Abbreviations: Hemi, hemianopia; Quadr, quadrantanopia; Scot, scotoma. ^aIntact = intact training first; Defect = defect training first. ^bUpper = upper quadrant training first; Lower = lower quadrant training first. ^cJ11 dropped out the study and was replaced by J41.

In all patients, training started 2–6 months after intake if all inclusion criteria were met. Both GAS and QoL questionnaires were completed prior to the first training round and evaluated after the 2nd training round.
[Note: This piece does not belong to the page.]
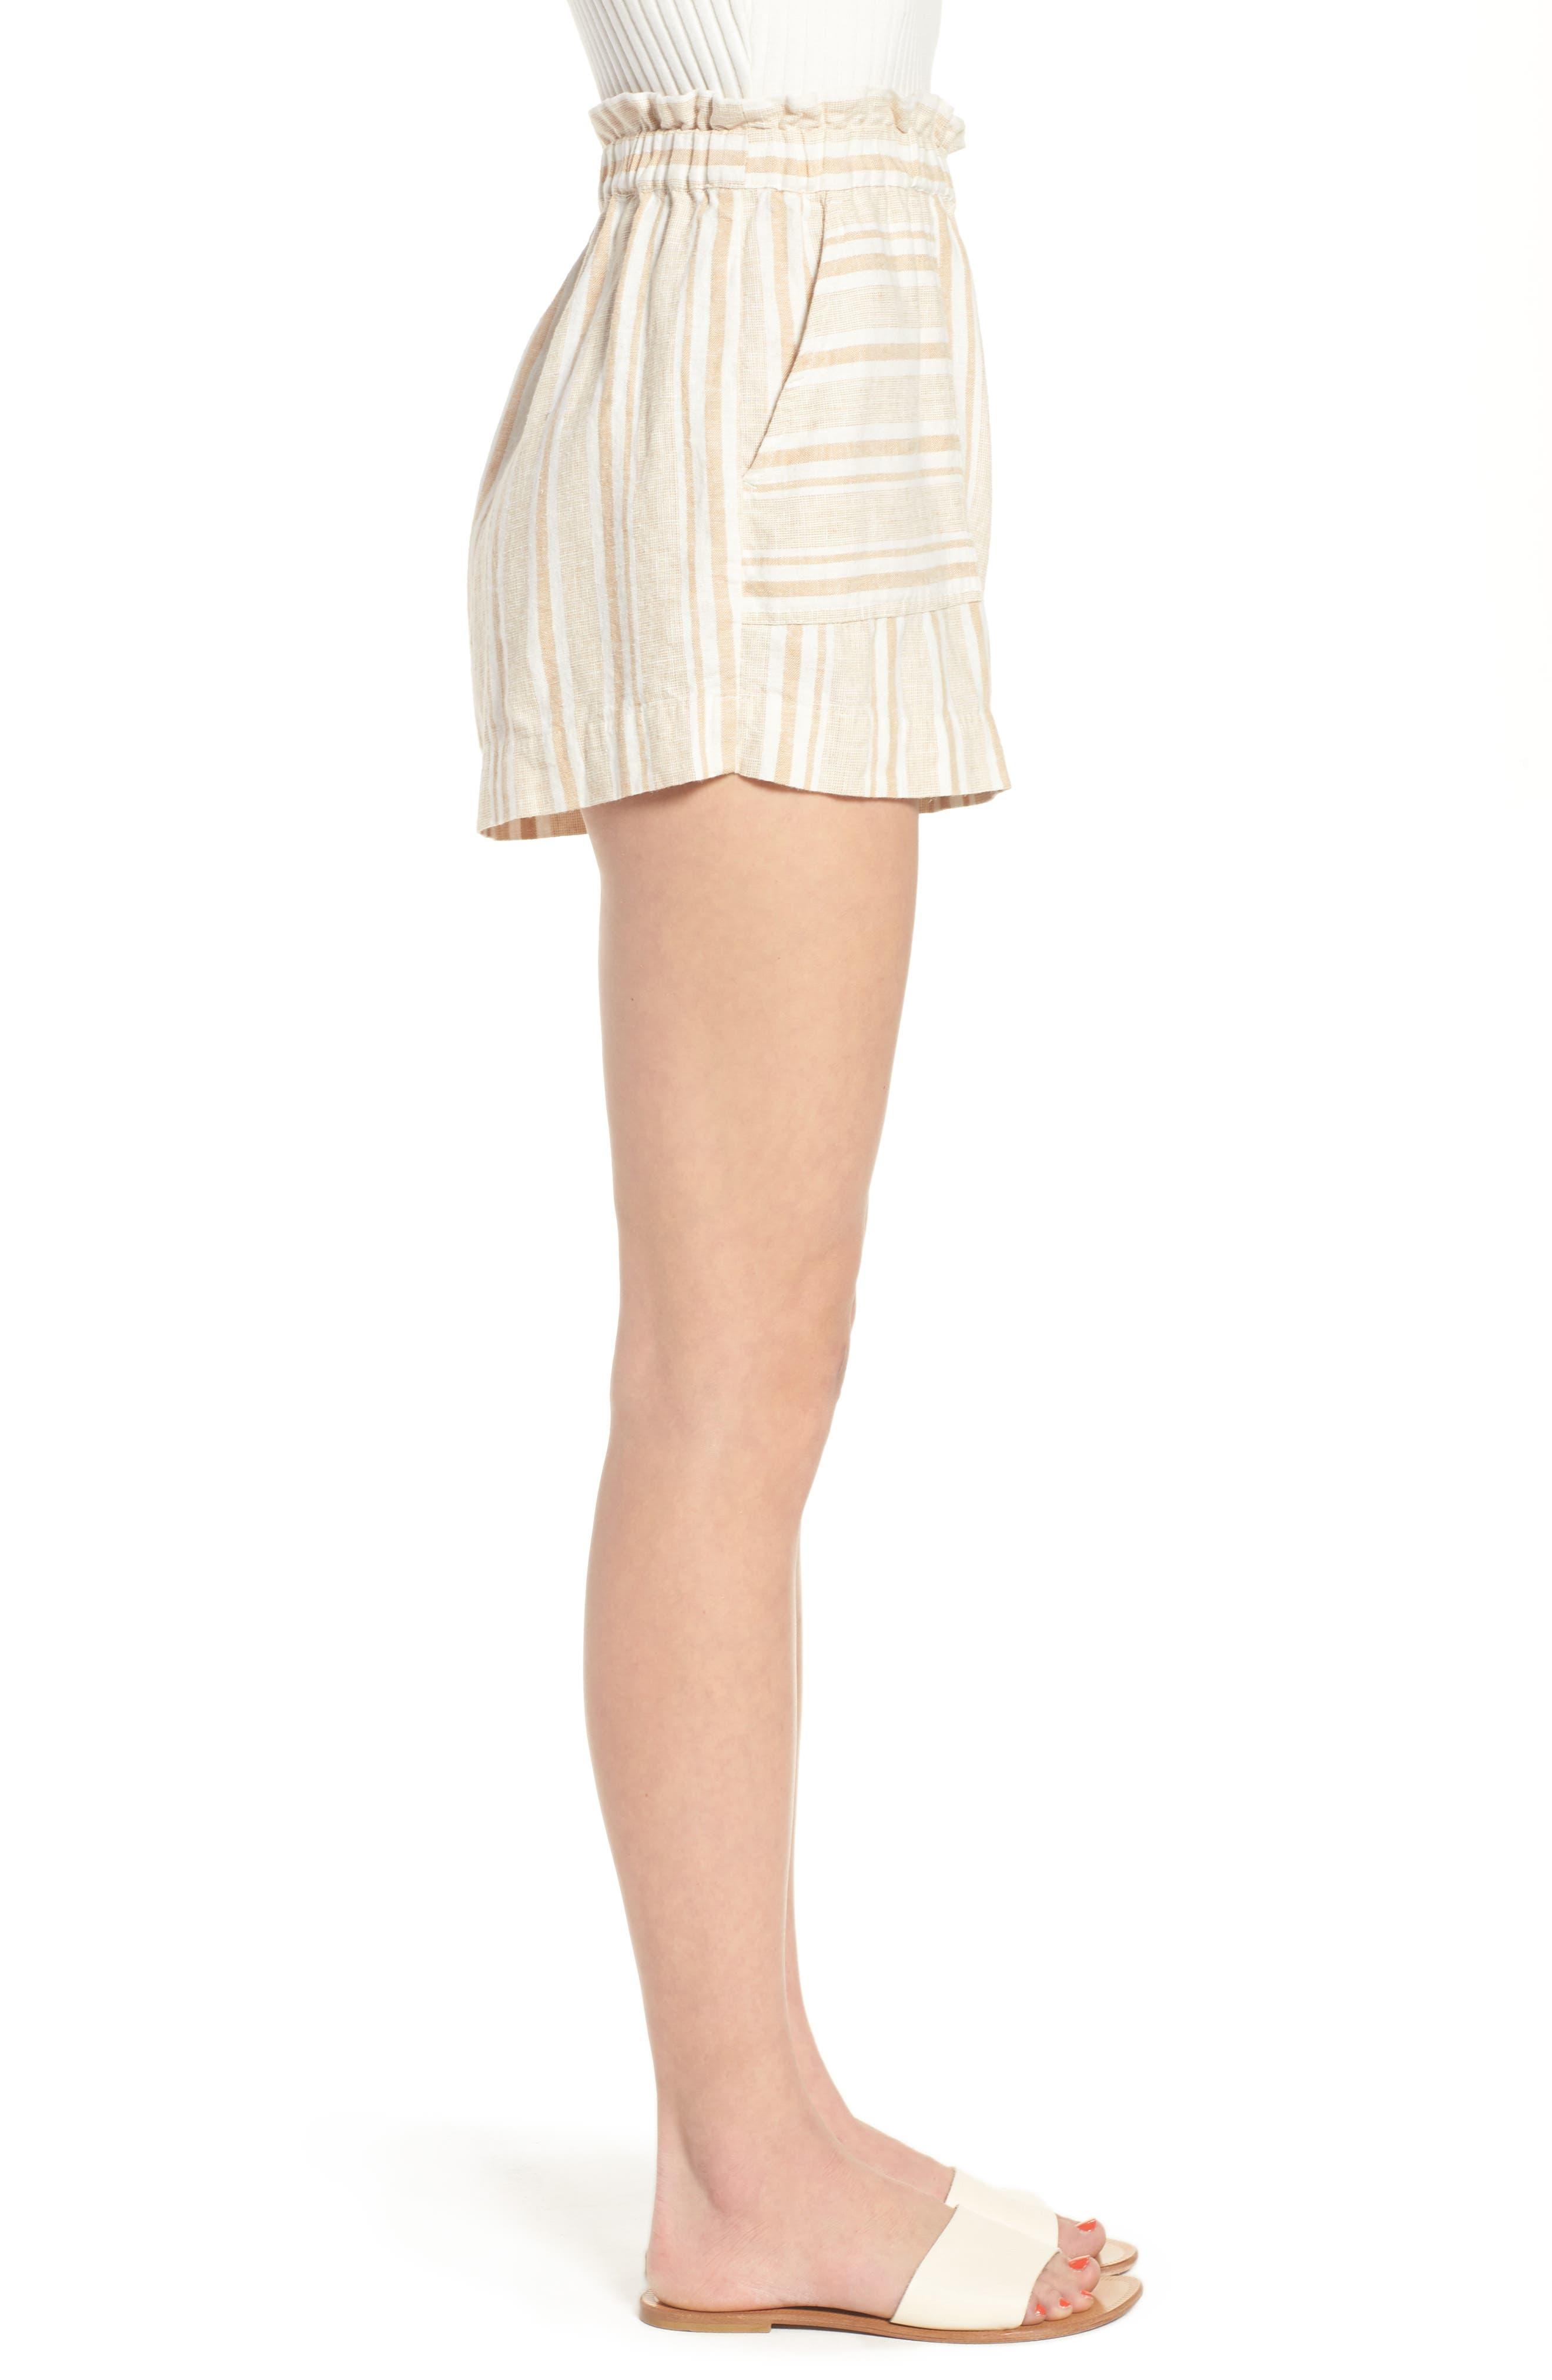 Stripe Linen Blend Shorts,                             Alternate thumbnail 3, color,                             Tan Lark Viola Stripe

For perimetry of the visual field defect we applied both Humphrey (blinded) and Goldmann perimetry (not blinded, because of insufficient staffing). Baseline perimetry occurred just prior to training and was repeated following the first round of visual training (at least 40 hours) and again following the second round of training (at least 40 hours) (Fig. 1). The directed and undirected training were evaluated for effectiveness by the difference between two succeeding perimetry assessments.

2.2 Intervention

A detailed description of the training at home and the custom made training unit can be found in Elshout et al. (2016) (Elshout, van Asten, Hoyng, Bergsma & van den Berg, 2016). The patients’ head was stabilized with a chin and headrest and the viewing distance was fixed at 40 cm. Patients performed a visual discrimination task at many different locations within the targeted part of the visual field. The patient maintained gaze binocularly on a ring (diameter = 0.5 degrees) at the center of the screen. During stimulus presentation (7 s), patients shifted attention covertly (i.e. without shifting the eye from the fixation point) towards the training location and responded using the keyboard. At the training location, a point was shown displaced in a clockwise (CW) or counterclockwise (CCW) direction relative to a line extending from the fixation point like the hand of a clock. Alternatively, the stimulus consisted of a patch of dots rotating in a CW or CCW direction about the patch centre. The patient’s forced-choice response (CW or CCW) was indicated by arrow keys on the keyboard.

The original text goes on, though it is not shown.